The main advantage of RNNs resides in their ability to deal with sequential data, thanks to their “memory”. Whereas Artificial Neural Networks (ANNs) have no notion of time, and the only input they consider is the current example they are being fed, RNNs consider both the current input and a “context unit” built upon what they’ve seen previously.
So the prediction made by the network at timestep T is influenced by the one it made at timestep T — 1. And when you think about it, that’s pretty much what we do, as humans, we use our previous experience (T — 1) to handle new and unseen things (T).

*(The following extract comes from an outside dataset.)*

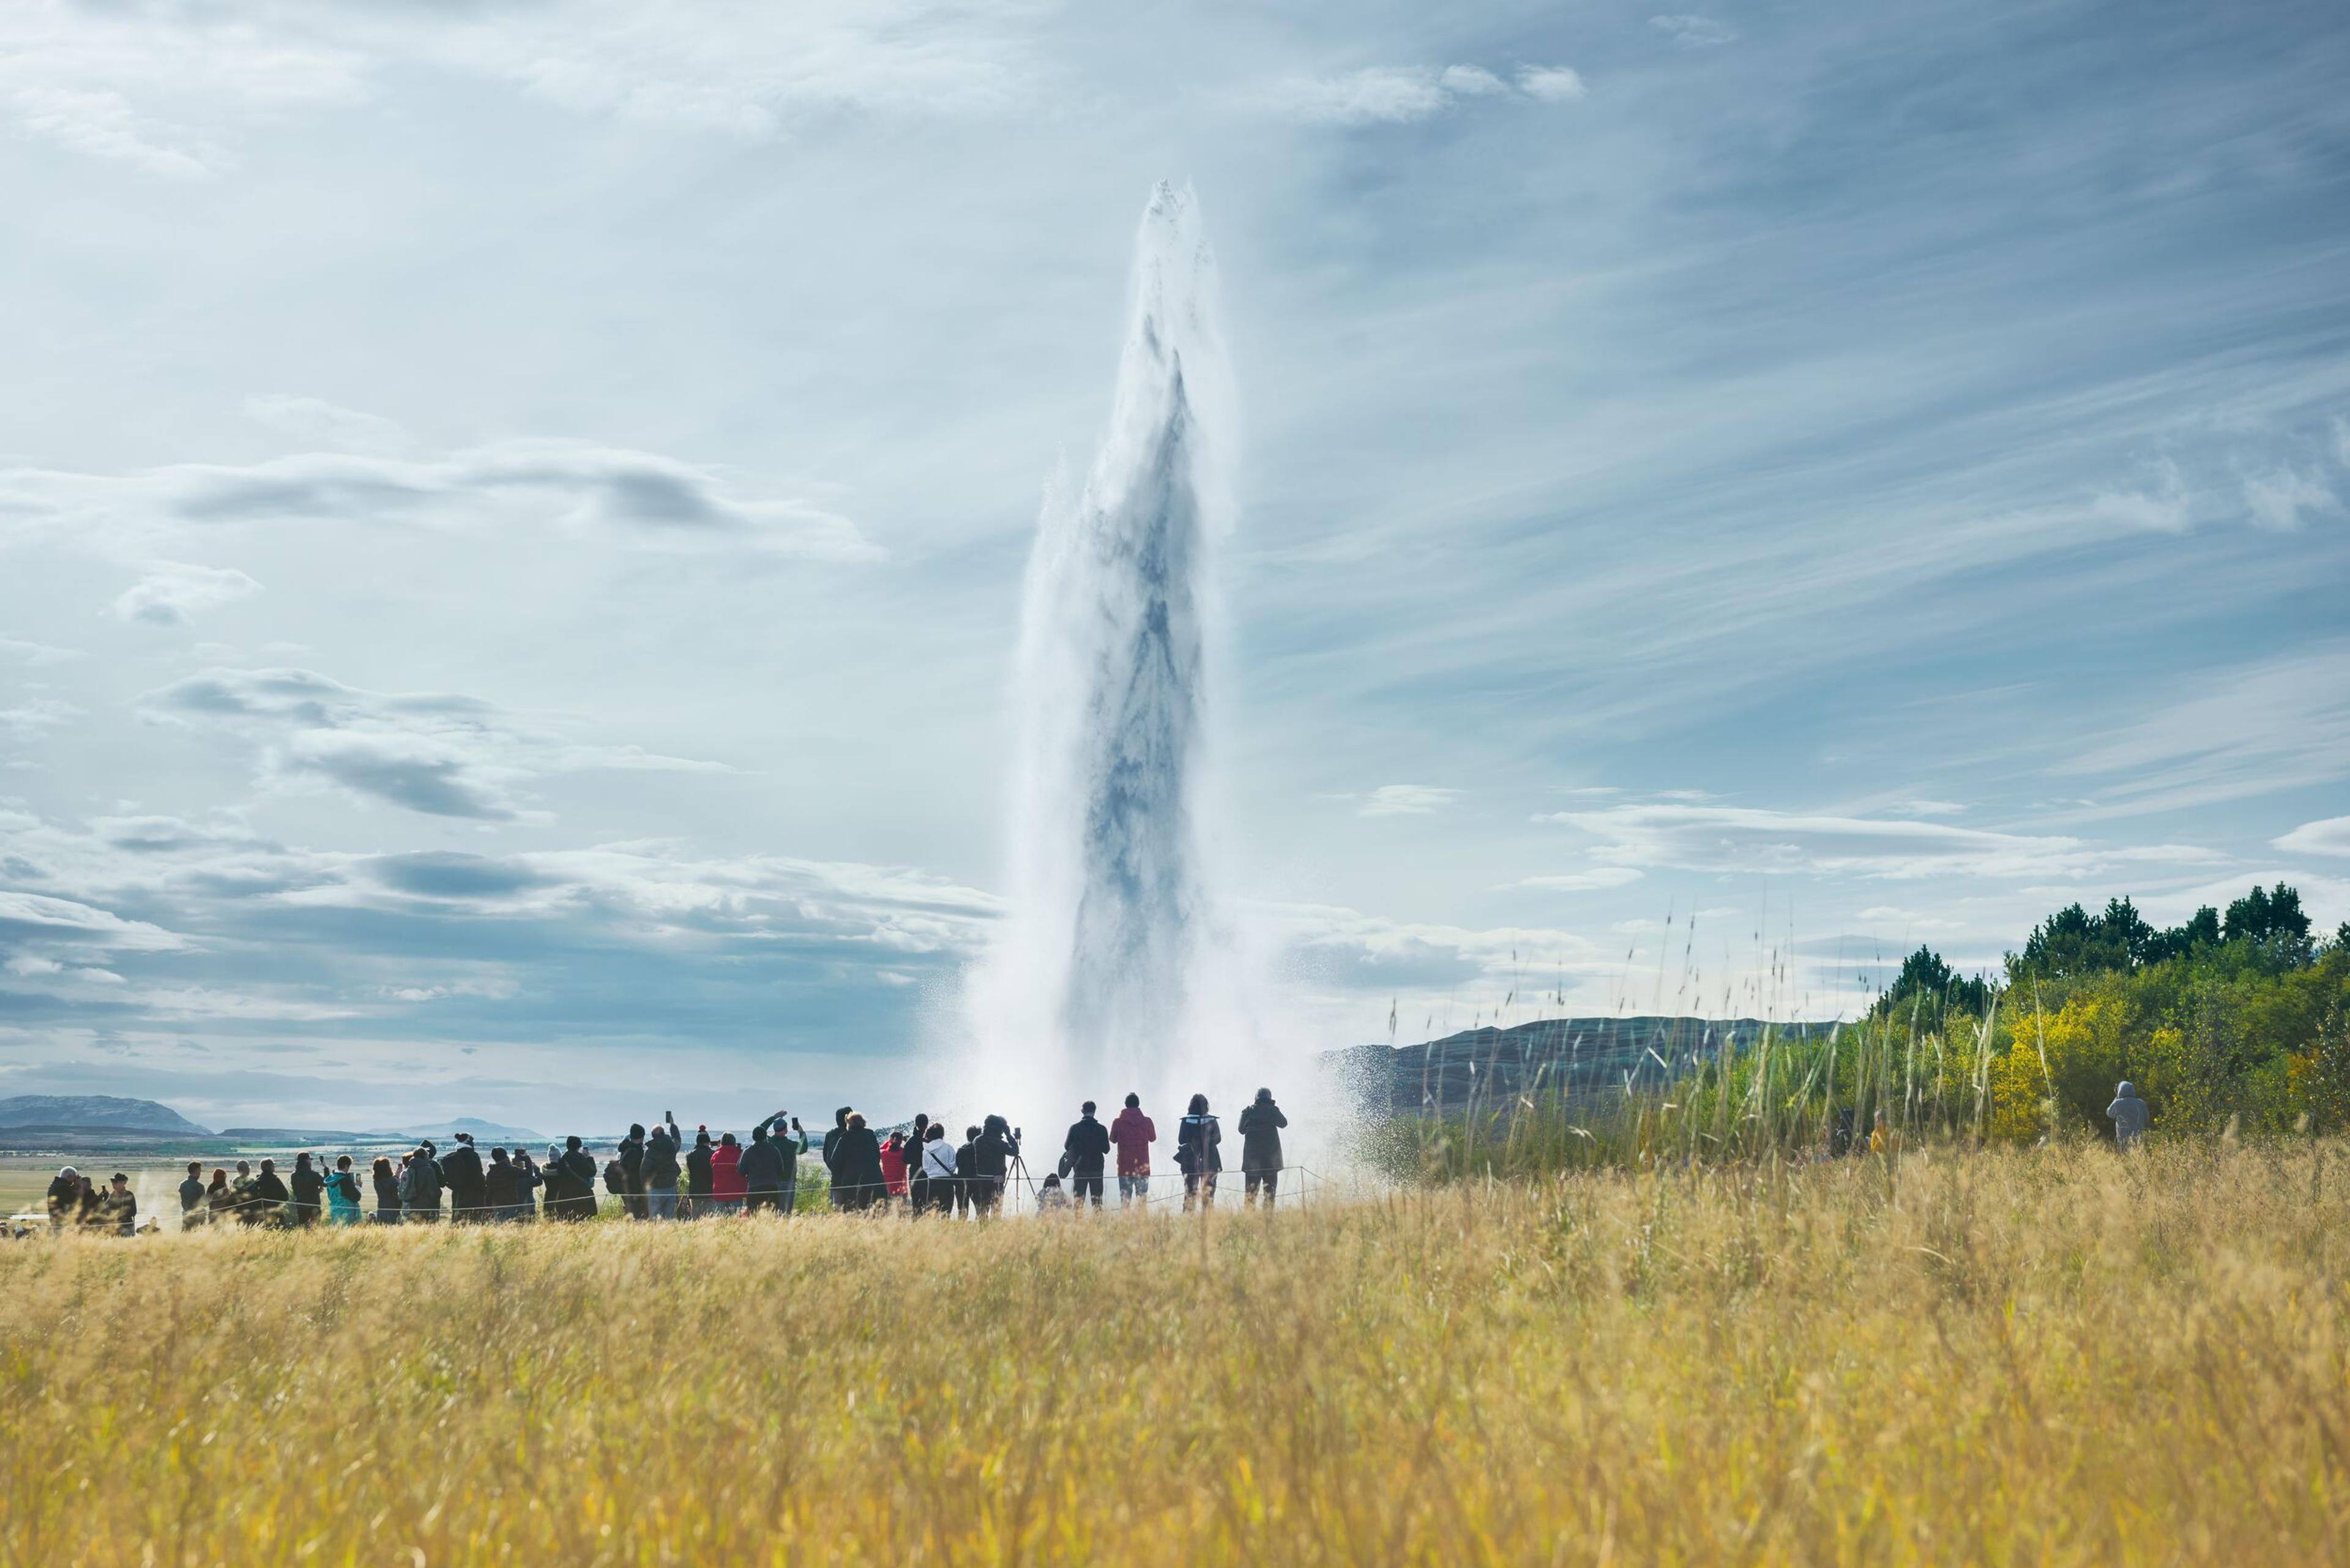 A crowd of onlookers gathered in a golden field witnessing a high geyser eruption, with the jet of water rising dramatically against a backdrop of clear skies and distant hills.

Christopher Olah puts it very nicely in his blog post, Understanding LSTMs:
“As you read this essay, you understand each word based on your understanding of previous words. You don’t throw everything away and start thinking from scratch again.” — Christopher Olah
And luckily for us, NLP is full of sequential (or temporal) data. Be it sentences, words, or characters, we always use the context to establish a more precise meaning for communication, whether it is written or oral.
Here are a few examples:
- In Machine Translation, a word will carry different meanings based on the context. Sentiment Analysis will detect modifiers (like “very”, “not”, and “a bit too”) to grasp the intensity, polarity or negation of a sentiment.
- In Dialog Management, the next step of a conversation is conditioned by the previous interactions and the goal given to the system. For Tokenization, we can use the next and previous characters to say whether or not a new word is beginning.
It doesn’t stop there: Part of Speech Tagging, Sentence Segmentation, Language Modeling, Semantic Role Labelling, Text Summarization, Spell Checking, and a whole lot of other tasks rely on the sequential nature of the data.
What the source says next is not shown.